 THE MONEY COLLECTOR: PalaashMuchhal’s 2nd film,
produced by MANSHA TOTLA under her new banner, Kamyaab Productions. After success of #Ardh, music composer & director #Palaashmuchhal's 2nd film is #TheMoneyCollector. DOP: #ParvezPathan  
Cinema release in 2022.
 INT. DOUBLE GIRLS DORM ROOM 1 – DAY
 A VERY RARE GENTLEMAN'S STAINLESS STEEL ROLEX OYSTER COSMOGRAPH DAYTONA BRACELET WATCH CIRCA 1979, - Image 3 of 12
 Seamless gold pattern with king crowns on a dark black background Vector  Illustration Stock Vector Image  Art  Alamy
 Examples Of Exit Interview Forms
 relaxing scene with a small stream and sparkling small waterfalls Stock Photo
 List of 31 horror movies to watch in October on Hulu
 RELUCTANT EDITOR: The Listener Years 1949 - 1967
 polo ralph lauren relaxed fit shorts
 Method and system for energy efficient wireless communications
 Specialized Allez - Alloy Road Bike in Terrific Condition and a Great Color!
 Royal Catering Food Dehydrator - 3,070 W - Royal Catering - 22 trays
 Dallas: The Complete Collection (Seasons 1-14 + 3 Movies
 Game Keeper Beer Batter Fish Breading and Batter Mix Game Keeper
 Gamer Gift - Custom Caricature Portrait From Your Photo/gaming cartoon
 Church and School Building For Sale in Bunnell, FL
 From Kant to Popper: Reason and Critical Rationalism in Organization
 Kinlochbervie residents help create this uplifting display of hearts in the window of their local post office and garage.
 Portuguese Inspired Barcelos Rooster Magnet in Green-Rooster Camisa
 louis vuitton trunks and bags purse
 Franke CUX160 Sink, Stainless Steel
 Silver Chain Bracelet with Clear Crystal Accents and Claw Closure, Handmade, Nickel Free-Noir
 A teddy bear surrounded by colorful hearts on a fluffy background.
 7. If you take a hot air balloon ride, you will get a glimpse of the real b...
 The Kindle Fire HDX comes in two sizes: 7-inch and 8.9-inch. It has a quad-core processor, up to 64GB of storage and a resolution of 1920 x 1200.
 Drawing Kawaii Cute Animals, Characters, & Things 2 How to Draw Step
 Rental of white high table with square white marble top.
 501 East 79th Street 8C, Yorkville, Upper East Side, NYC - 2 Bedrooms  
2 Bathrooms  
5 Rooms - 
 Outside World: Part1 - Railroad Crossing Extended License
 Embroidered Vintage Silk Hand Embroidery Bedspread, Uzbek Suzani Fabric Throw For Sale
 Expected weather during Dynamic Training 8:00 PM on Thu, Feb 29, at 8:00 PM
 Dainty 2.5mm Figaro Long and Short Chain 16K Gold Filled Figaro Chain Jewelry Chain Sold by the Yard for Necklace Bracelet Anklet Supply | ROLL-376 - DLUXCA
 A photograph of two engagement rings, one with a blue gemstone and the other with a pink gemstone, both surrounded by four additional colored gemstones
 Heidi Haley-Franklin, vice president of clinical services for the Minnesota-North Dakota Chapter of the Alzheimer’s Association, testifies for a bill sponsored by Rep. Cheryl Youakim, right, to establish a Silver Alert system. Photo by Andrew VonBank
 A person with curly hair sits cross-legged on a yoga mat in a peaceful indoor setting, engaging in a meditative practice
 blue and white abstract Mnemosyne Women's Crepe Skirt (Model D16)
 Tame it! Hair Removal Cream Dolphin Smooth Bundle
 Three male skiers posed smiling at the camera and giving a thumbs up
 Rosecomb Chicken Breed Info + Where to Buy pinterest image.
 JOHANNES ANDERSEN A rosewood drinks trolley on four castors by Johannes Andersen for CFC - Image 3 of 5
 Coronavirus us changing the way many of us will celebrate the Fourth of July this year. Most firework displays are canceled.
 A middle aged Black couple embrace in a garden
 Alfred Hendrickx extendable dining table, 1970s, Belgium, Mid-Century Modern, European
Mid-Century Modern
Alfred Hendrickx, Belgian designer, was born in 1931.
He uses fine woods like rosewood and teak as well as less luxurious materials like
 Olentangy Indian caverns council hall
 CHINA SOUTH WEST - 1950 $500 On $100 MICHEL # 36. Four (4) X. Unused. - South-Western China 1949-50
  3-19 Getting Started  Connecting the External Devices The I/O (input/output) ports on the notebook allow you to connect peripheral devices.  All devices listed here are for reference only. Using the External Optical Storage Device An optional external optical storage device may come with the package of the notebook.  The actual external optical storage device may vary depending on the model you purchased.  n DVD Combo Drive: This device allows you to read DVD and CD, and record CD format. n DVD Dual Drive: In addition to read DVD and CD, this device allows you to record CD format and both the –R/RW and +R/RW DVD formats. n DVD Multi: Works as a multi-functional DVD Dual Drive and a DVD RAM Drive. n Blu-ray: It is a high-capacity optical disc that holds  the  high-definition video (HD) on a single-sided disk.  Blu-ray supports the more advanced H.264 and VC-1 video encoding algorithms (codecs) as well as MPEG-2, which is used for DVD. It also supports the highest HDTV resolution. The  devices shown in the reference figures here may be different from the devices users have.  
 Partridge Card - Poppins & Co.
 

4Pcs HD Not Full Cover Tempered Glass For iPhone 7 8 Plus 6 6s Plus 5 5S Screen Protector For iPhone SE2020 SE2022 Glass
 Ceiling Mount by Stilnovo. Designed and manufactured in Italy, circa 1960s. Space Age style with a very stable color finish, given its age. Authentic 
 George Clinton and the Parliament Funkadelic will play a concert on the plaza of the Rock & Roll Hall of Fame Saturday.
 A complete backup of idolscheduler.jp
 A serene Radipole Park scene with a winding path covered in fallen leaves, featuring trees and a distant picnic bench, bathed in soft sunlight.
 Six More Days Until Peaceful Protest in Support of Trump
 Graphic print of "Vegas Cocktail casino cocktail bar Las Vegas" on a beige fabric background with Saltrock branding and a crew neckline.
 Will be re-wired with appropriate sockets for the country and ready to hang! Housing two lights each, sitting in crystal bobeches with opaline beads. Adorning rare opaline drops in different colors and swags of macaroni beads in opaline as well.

**What is expected**.
Exactly reproduce the entries in their entirety.

**Solution for this problem**.
 THE MONEY COLLECTOR: PalaashMuchhal’s 2nd film,
produced by MANSHA TOTLA under her new banner, Kamyaab Productions. After success of #Ardh, music composer & director #Palaashmuchhal's 2nd film is #TheMoneyCollector. DOP: #ParvezPathan  
Cinema release in 2022.
 INT. DOUBLE GIRLS DORM ROOM 1 – DAY
 A VERY RARE GENTLEMAN'S STAINLESS STEEL ROLEX OYSTER COSMOGRAPH DAYTONA BRACELET WATCH CIRCA 1979, - Image 3 of 12
 Seamless gold pattern with king crowns on a dark black background Vector  Illustration Stock Vector Image  Art  Alamy
 Examples Of Exit Interview Forms
 relaxing scene with a small stream and sparkling small waterfalls Stock Photo
 List of 31 horror movies to watch in October on Hulu
 RELUCTANT EDITOR: The Listener Years 1949 - 1967
 polo ralph lauren relaxed fit shorts
 Method and system for energy efficient wireless communications
 Specialized Allez - Alloy Road Bike in Terrific Condition and a Great Color!
 Royal Catering Food Dehydrator - 3,070 W - Royal Catering - 22 trays
 Dallas: The Complete Collection (Seasons 1-14 + 3 Movies
 Game Keeper Beer Batter Fish Breading and Batter Mix Game Keeper
 Gamer Gift - Custom Caricature Portrait From Your Photo/gaming cartoon
 Church and School Building For Sale in Bunnell, FL
 From Kant to Popper: Reason and Critical Rationalism in Organization
 Kinlochbervie residents help create this uplifting display of hearts in the window of their local post office and garage.
 Portuguese Inspired Barcelos Rooster Magnet in Green-Rooster Camisa
 louis vuitton trunks and bags purse
 Franke CUX160 Sink, Stainless Steel
 Silver Chain Bracelet with Clear Crystal Accents and Claw Closure, Handmade, Nickel Free-Noir
 A teddy bear surrounded by colorful hearts on a fluffy background.
 7. If you take a hot air balloon ride, you will get a glimpse of the real b...
 The Kindle Fire HDX comes in two sizes: 7-inch and 8.9-inch. It has a quad-core processor, up to 64GB of storage and a resolution of 1920 x 1200.
 Drawing Kawaii Cute Animals, Characters, & Things 2 How to Draw Step
 Rental of white high table with square white marble top.
 501 East 79th Street 8C, Yorkville, Upper East Side, NYC - 2 Bedrooms  
2 Bathrooms  
5 Rooms - 
 Outside World: Part1 - Railroad Crossing Extended License
 Embroidered Vintage Silk Hand Embroidery Bedspread, Uzbek Suzani Fabric Throw For Sale
 Expected weather during Dynamic Training 8:00 PM on Thu, Feb 29, at 8:00 PM
 Dainty 2.5mm Figaro Long and Short Chain 16K Gold Filled Figaro Chain Jewelry Chain Sold by the Yard for Necklace Bracelet Anklet Supply | ROLL-376 - DLUXCA
 A photograph of two engagement rings, one with a blue gemstone and the other with a pink gemstone, both surrounded by four additional colored gemstones
 Heidi Haley-Franklin, vice president of clinical services for the Minnesota-North Dakota Chapter of the Alzheimer’s Association, testifies for a bill sponsored by Rep. Cheryl Youakim, right, to establish a Silver Alert system. Photo by Andrew VonBank
 A person with curly hair sits cross-legged on a yoga mat in a peaceful indoor setting, engaging in a meditative practice
 blue and white abstract Mnemosyne Women's Crepe Skirt (Model D16)
 Tame it! Hair Removal Cream Dolphin Smooth Bundle
 Three male skiers posed smiling at the camera and giving a thumbs up
 Rosecomb Chicken Breed Info + Where to Buy pinterest image.
 JOHANNES ANDERSEN A rosewood drinks trolley on four castors by Johannes Andersen for CFC - Image 3 of 5
 Coronavirus us changing the way many of us will celebrate the Fourth of July this year. Most firework displays are canceled.
 A middle aged Black couple embrace in a garden
 Alfred Hendrickx extendable dining table, 1970s, Belgium, Mid-Century Modern, European
Mid-Century Modern
Alfred Hendrickx, Belgian designer, was born in 1931.
He uses fine woods like rosewood and teak as well as less luxurious materials like
 Olentangy Indian caverns council hall
 CHINA SOUTH WEST - 1950 $500 On $100 MICHEL # 36. Four (4) X. Unused. - South-Western China 1949-50
  3-19 Getting Started  Connecting the External Devices The I/O (input/output) ports on the notebook allow you to connect peripheral devices.  All devices listed here are for reference only. Using the External Optical Storage Device An optional external optical storage device may come with the package of the notebook.  The actual external optical storage device may vary depending on the model you purchased.  n DVD Combo Drive: This device allows you to read DVD and CD, and record CD format. n DVD Dual Drive: In addition to read DVD and CD, this device allows you to record CD format and both the –R/RW and +R/RW DVD formats. n DVD Multi: Works as a multi-functional DVD Dual Drive and a DVD RAM Drive. n Blu-ray: It is a high-capacity optical disc that holds  the  high-definition video (HD) on a single-sided disk.  Blu-ray supports the more advanced H.264 and VC-1 video encoding algorithms (codecs) as well as MPEG-2, which is used for DVD. It also supports the highest HDTV resolution. The  devices shown in the reference figures here may be different from the devices users have.  
 Partridge Card - Poppins & Co.
 

4Pcs HD Not Full Cover Tempered Glass For iPhone 7 8 Plus 6 6s Plus 5 5S Screen Protector For iPhone SE2020 SE2022 Glass
 Ceiling Mount by Stilnovo. Designed and manufactured in Italy, circa 1960s. Space Age style with a very stable color finish, given its age. Authentic 
 George Clinton and the Parliament Funkadelic will play a concert on the plaza of the Rock & Roll Hall of Fame Saturday.
 A complete backup of idolscheduler.jp
 A serene Radipole Park scene with a winding path covered in fallen leaves, featuring trees and a distant picnic bench, bathed in soft sunlight.
 Six More Days Until Peaceful Protest in Support of Trump
 Graphic print of "Vegas Cocktail casino cocktail bar Las Vegas" on a beige fabric background with Saltrock branding and a crew neckline.
 Will be re-wired with appropriate sockets for the country and ready to hang! Housing two lights each, sitting in crystal bobeches with opaline beads. Adorning rare opaline drops in different colors and swags of macaroni beads in opaline as well.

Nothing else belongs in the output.